Weise F, Heydenreich F
Clinic of Lung Diseases, Lostau, F.R.G.
Diabetes Res Clin Pract. 1991 Jan;11(1):23-32. doi: 10.1016/0168-8227(91)90137-3.
We used spectral analysis of heart rate variability during orthostatic load in diabetic patients in order to provide quantitative information about first, the alterations of vagal and beta-adrenergic nervous system influence on the heart and secondly, the relation of spectral components of heart rate variability to age. The respiration-related power, and indirect estimate of vagal cardiac control, was significantly reduced in diabetics as compared with controls in both the supine (diabetics: 0.39 (0.18-1.15) l/min2 [median and 25-75% percentiles], controls: 1.52 (0.54-3.84) l/min2, 2P less than 0.01) and the standing (diabetics: 0.27 (0.12-0.84) l/min2, controls: 2.22 (0.67-5.14) l/min2, 2P less than 0.0001) body posture. The difference between supine and standing values of mid-frequency power (delta MF power) that represents beta-adrenergically mediated heart rate variability was significantly smaller in diabetics (delta MF: 0.79 (0.18-3.84) l/min2) than in controls (delta MF: 8.07 (4.35-17.99) l/min2) (2P less than 0.0001).

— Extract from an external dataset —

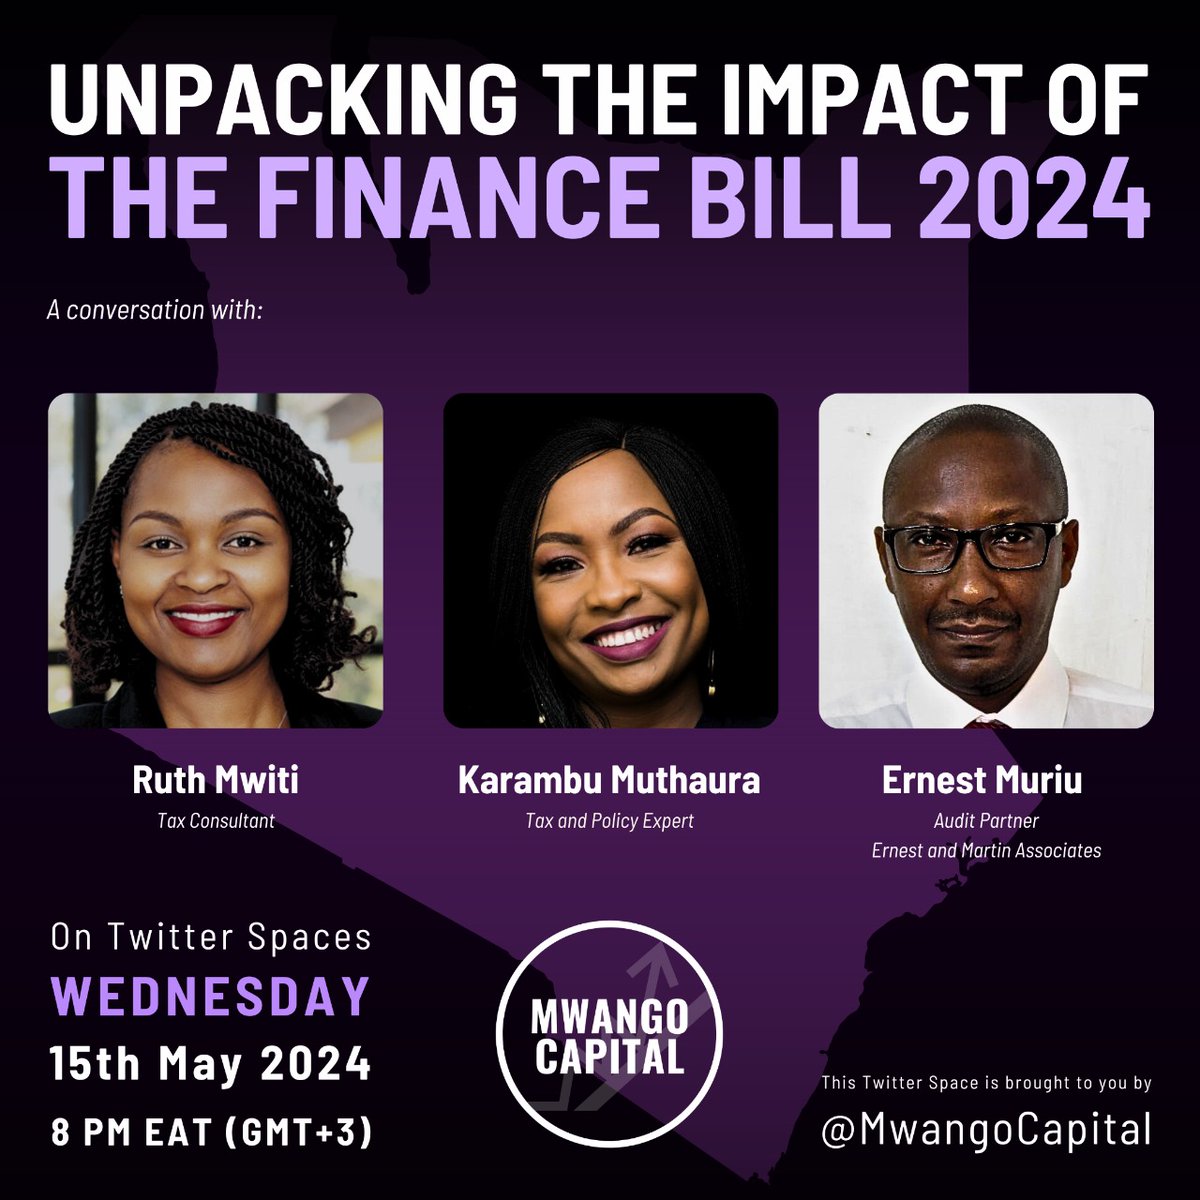 Today on #mwangospaces at 8pm EAT we unpack the key takeaways from the Finance Bill 2024. Our tax experts will be: —Ruth mwiti [@ruthmwiti2] —Ernest muriu [@muriu_ernest] —Karambu muthaura [@karambu] Any questions you might have for our panel ahead of the space?
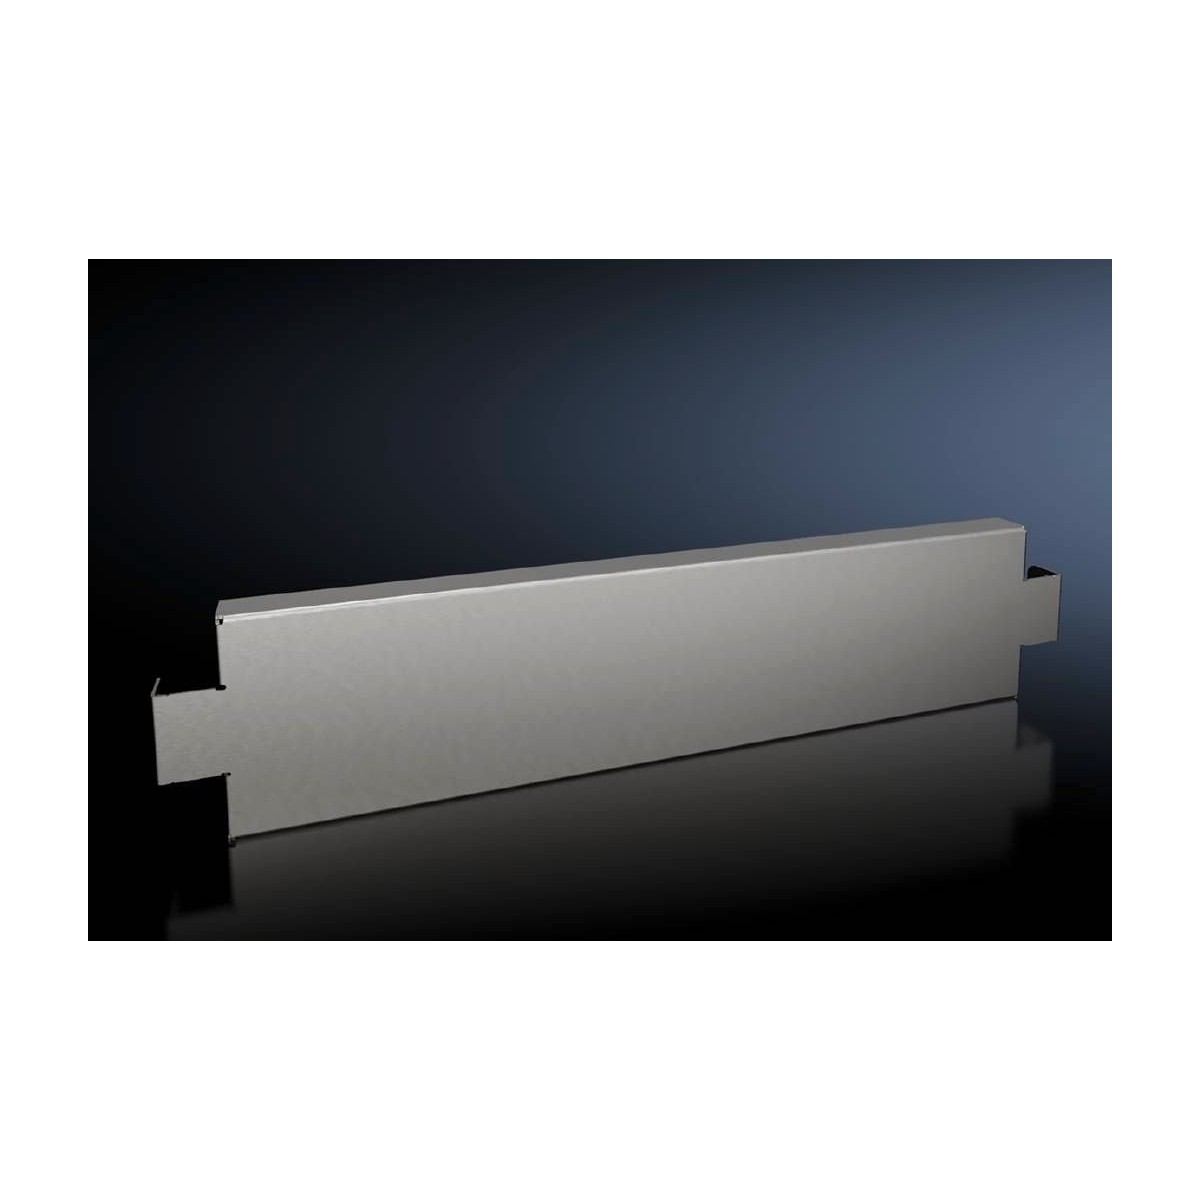 Rittal VX 8620.072 - Trim panel - Grey - Stainless steel - 100 mm - 2 pc(s) - 2.8 kg

Power of almost all frequency components declined exponentially with age in both positions and groups studied. The decline in power of heart rate variability was more pronounced in controls than in diabetics for either posture. An age-associated significant decrease in delta MF was found in controls (Y = 33.16-0.60X, P less than 0.05, r = -0.49) as compared to diabetics (Y = 8.70-0.16X, P greater than 0.05, r = -0.24). Our results suggest a decreased vagal and sympathetic nervous system input into the heart in diabetics. The premature loosened coupling between heart rate spectral power and age suggests that diabetes mellitus accelerates the aging process. Computerized spectral analysis of heart rate variability seems to be a very sensitive tool to evaluate the influence of the autonomic nervous system on the heart.
我们对糖尿病患者在直立负荷期间的心率变异性进行了频谱分析,目的是首先提供关于迷走神经和β-肾上腺素能神经系统对心脏影响的改变的定量信息,其次提供心率变异性频谱成分与年龄之间关系的定量信息。与对照组相比,糖尿病患者在仰卧位(糖尿病患者:0.39(0.18 - 1.15)升/分钟²[中位数和25 - 75%百分位数],对照组:1.52(0.54 - 3.84)升/分钟²,P<0.01)和站立位(糖尿病患者:0.27(0.12 - 0.84)升/分钟²,对照组:2.22(0.67 - 5.14)升/分钟²,P<0.0001)时,与呼吸相关的功率(迷走神经对心脏控制的间接估计值)均显著降低。代表β-肾上腺素能介导的心率变异性的中频功率(δMF功率)在仰卧位和站立位之间的差值在糖尿病患者(δMF:0.79(0.18 - 3.84)升/分钟²)中显著小于对照组(δMF:8.07(4.35 - 17.99)升/分钟²)(P<0.0001)。在研究的两个体位和两组中,几乎所有频率成分的功率均随年龄呈指数下降。无论哪种体位,对照组心率变异性功率的下降都比糖尿病患者更明显。与糖尿病患者(Y = 8.70 - 0.16X,P>0.05,r = -0.24)相比,对照组中发现δMF随年龄有显著下降(Y = 33.16 - 0.60X,P<0.05,r = -0.49)。我们的结果表明糖尿病患者心脏的迷走神经和交感神经系统输入减少。心率频谱功率与年龄之间过早出现的松散耦合表明糖尿病加速了衰老过程。心率变异性的计算机化频谱分析似乎是评估自主神经系统对心脏影响的非常敏感的工具。